I was so looking forward to taking this legendary journey with Vince that I had splurged on a first-class compartment, thinking of the fun we could have during the eight and a quarter hours between Waverley and Kings Cross. I still had his ticket in my jacket pocket; there had been no time to arrange a refund. Perhaps if I had not been so grumpy last night, or had spent less time fooling around this morning, I might have got my money back, but now it would go to waste.
“Can I help you with that, sir?”
I did not need help, and was about to tell the porter that I was more than capable of carrying a single suitcase—and then I looked at him. He can’t have been more than 18, at least if his smooth chin and fresh complexion were anything to go by, but he had the broad shoulders and sturdy thighs of a man. The cross words died on my tongue, and I put my suitcase down on the ground.
“Going to London, sir?” He had the typical Edinburgh lilt, which I had finally learned to understand after a year of dealing with colleagues and patients, who thought my constantly repeated “Pardon me?”s were a sign of idiocy.
“Yes, I am.
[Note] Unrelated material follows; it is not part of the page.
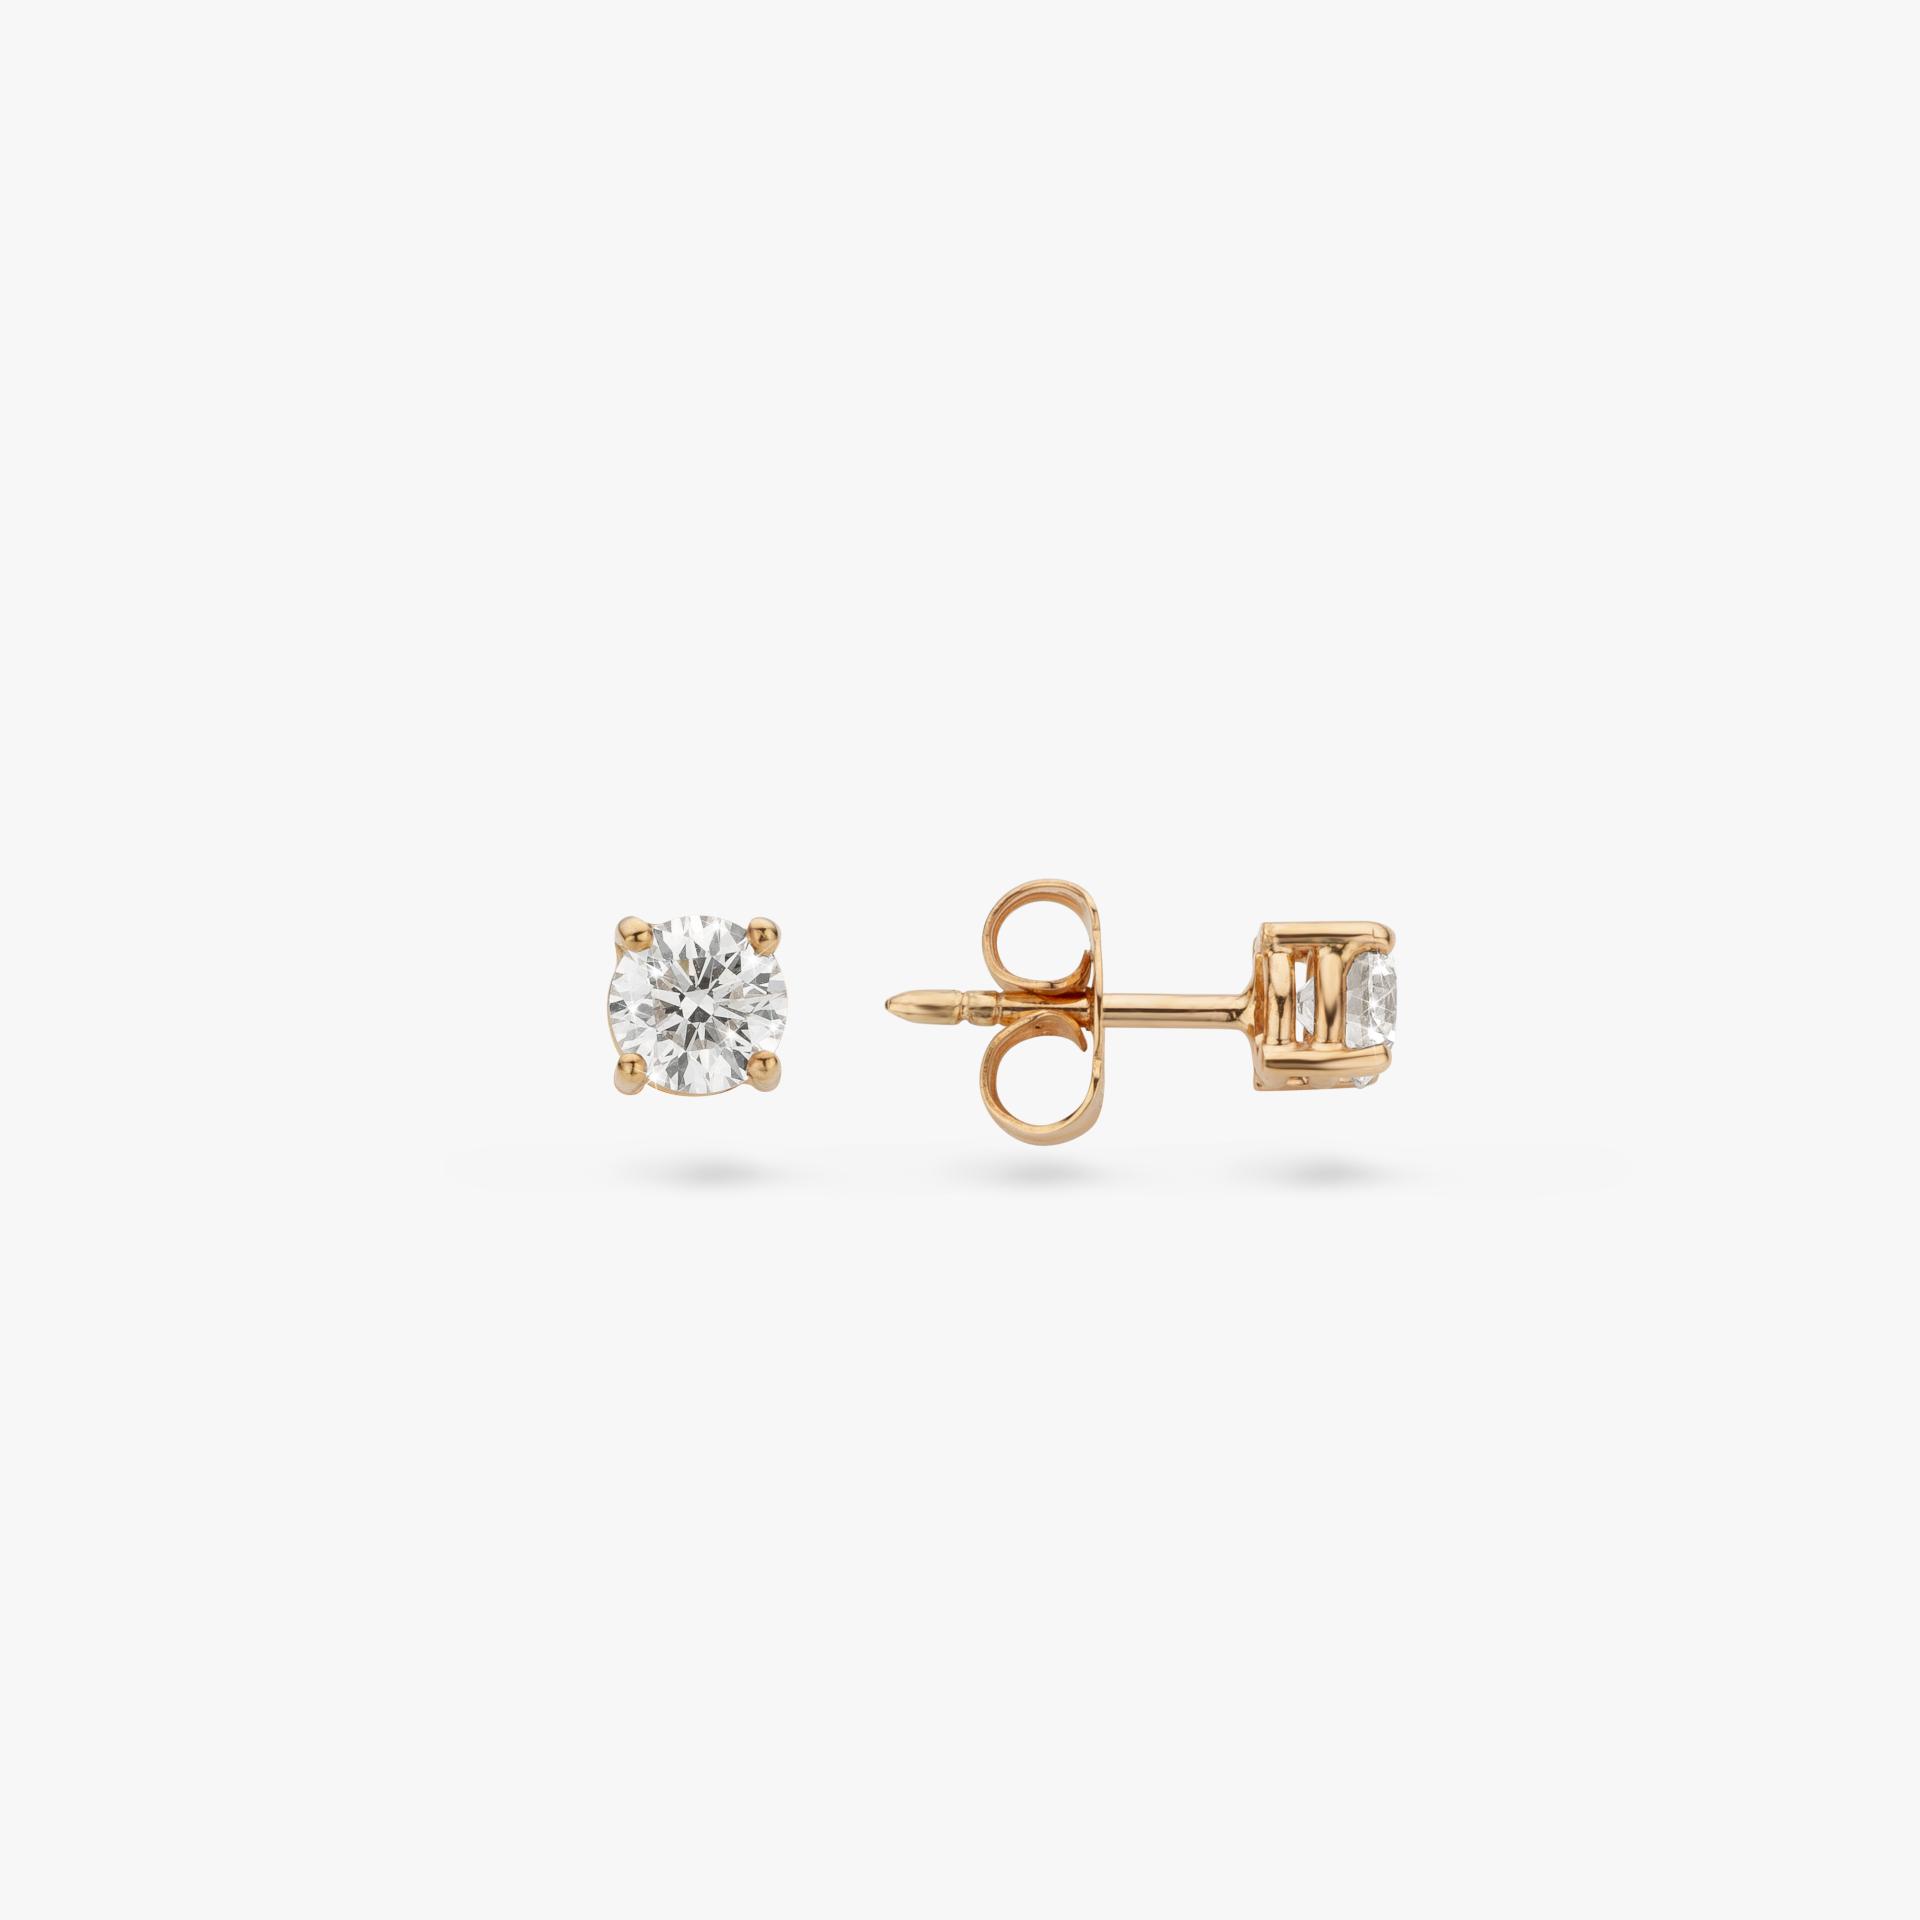 Rose gold earrings set with a brilliant shaped diamond made by Maison De Greef

Thank you.” It was an idiotic question—where else was I likely to be going?—but I was pleased with the little salute that he gave me, pushing his cap back slightly so I could see his thick brown hair tumbling over his forehead. He swung the case onto his cart, and I watched his shoulders bunching and flexing in his tight little jacket. I allowed him to walk ahead of me so that I could feast my
eyes on his absurdly round butt. He looked around, smiled, and winked.
“Tickets, please.”
The conductor was a mean-looking, surly son of a bitch, one of those to whom a uniform gives an excuse to be a bastard to everyone. When he saw my first-class ticket, his expression changed from generalized contempt to a sort of reluctant deference.
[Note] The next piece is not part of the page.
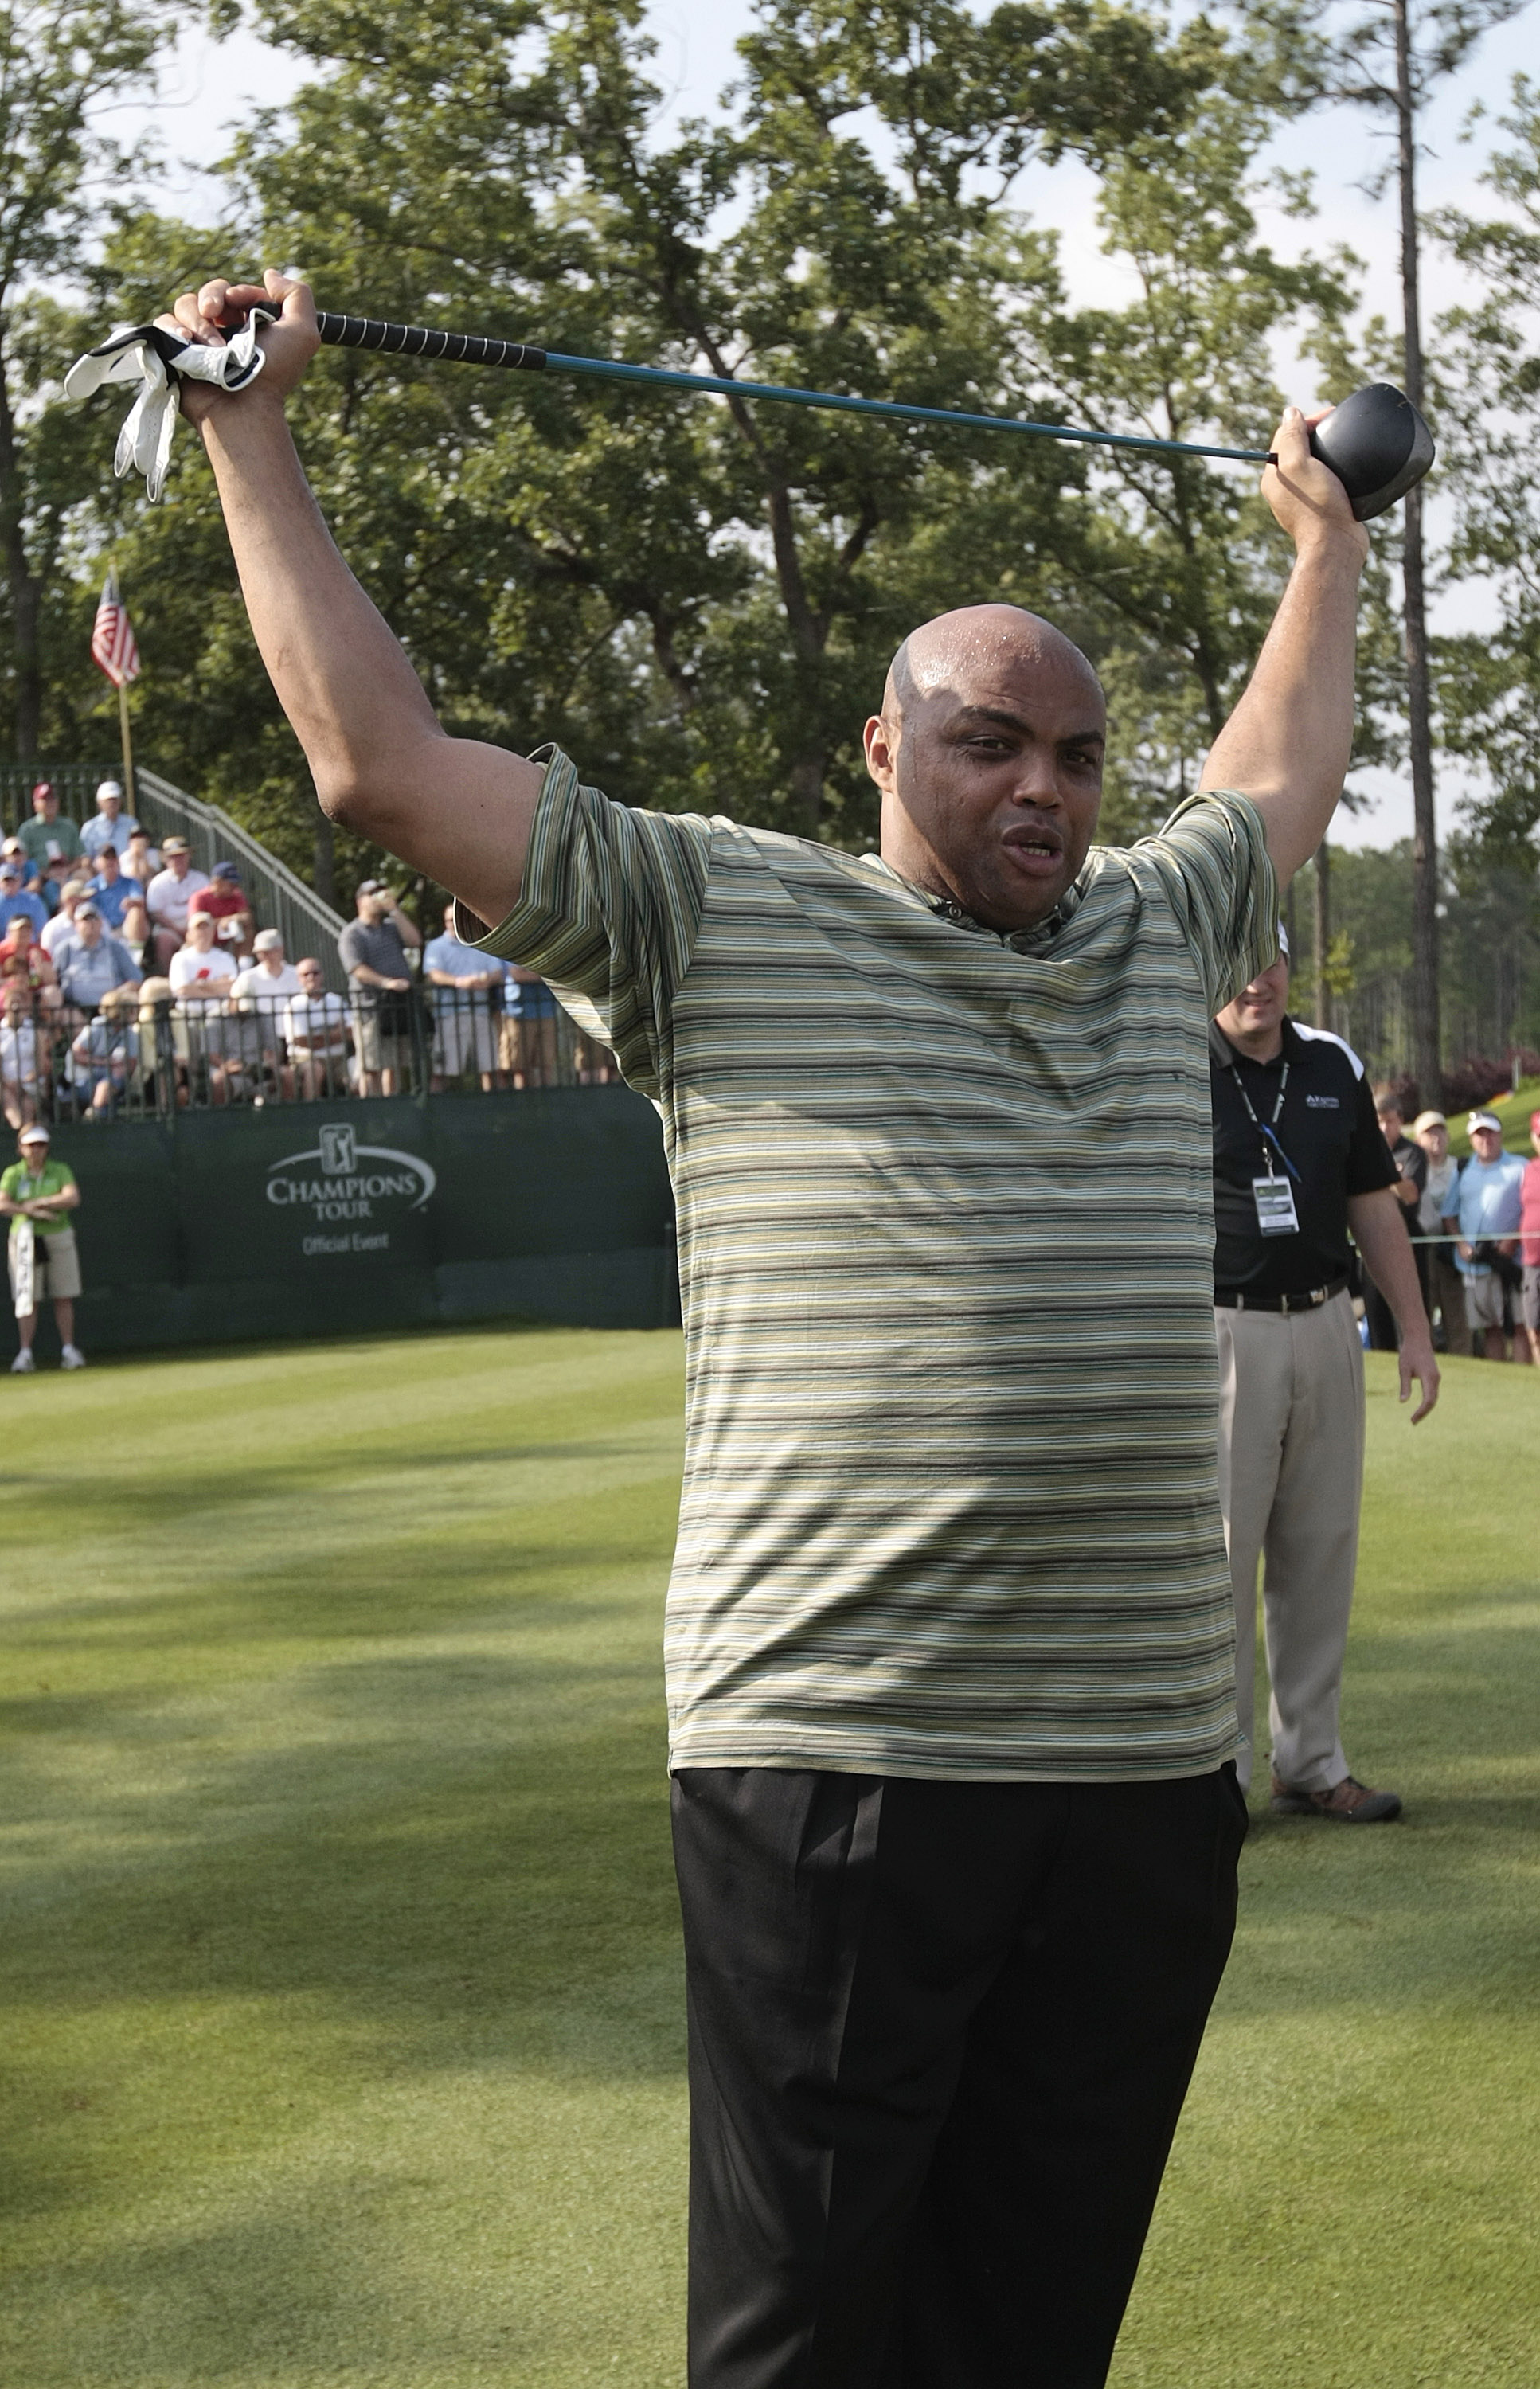 BIRMINGHAM, AL - MAY 14:  Former basketball star Charles Barkley prepares to tee off on the first hole during the Thursday Pro-AM of the Regions Charity Classic at the Robert Trent Jones Golf Trail at Ross Bridge on May 14, 2009  in Birmingham, Alabama.

“Thank you,” I snapped, taking the ticket back.
“I take it,” said the porter—which was music to my ears, until he went on—“that you have a carriage reserved?”
“Indeed I do.” I handed him the reservation.
“This way, sir! Let’s get you comfortable.”
“There’s really no need,” I said, as we reached the carriage door. “I think I can manage from here.”
“No trouble, sir.” He had thick eyebrows for a lad of his age, and they were traveling up toward the peak of his cap.
“All right.” If he wanted a large tip, he was going to have to earn it. “Take it away.”
He hefted my case onto his shoulder, held the carriage door open, and followed me up the steps.
“In the rack, sir?”
“Yes, if you can reach.”
“Just about, sir.” He raised himself up on tiptoe—he wasn’t tall, only about five foot five—and managed to get the edge of the case into the steel luggage rack. His jacket rose way up his back, and I was able to appreciate the narrowness of his waist.
“Is that all, sir?” He stood at ease, smiling.
I glanced at my watch, and saw that we had a good quarter of an hour before the train was due to leave. “Actually, I’ve just remembered I need to get a couple of things out for the trip.”
“Yes, sir?”
“So would you mind getting it down again?”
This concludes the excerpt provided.